======== The input ========

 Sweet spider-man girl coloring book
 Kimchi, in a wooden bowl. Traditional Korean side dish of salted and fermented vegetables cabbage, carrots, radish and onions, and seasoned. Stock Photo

========
======== The input ========

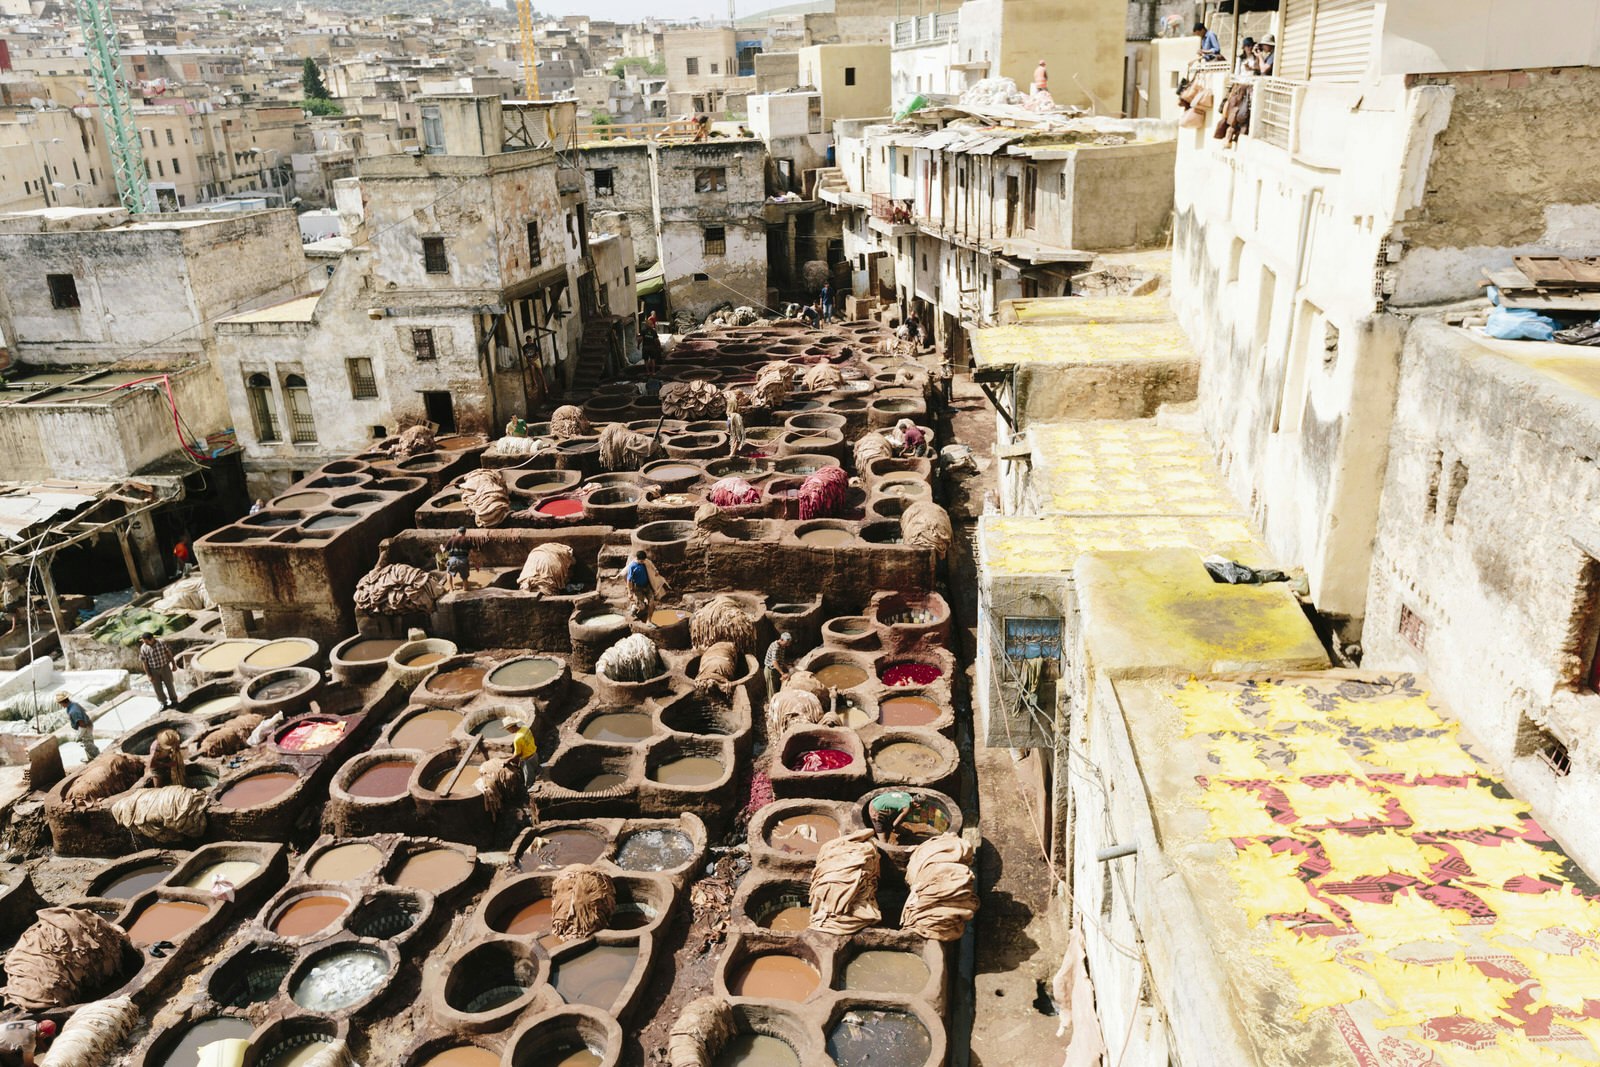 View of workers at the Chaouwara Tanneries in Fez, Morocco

========

**Exercise description:** What is needed is an exact copy of the lines above, from the one containing "Sweet spider-man girl coloring book" through the one containing "Kimchi, in a", with nothing added.

**Answer space:**
 Sweet spider-man girl coloring book
 Kimchi, in a wooden bowl. Traditional Korean side dish of salted and fermented vegetables cabbage, carrots, radish and onions, and seasoned. Stock Photo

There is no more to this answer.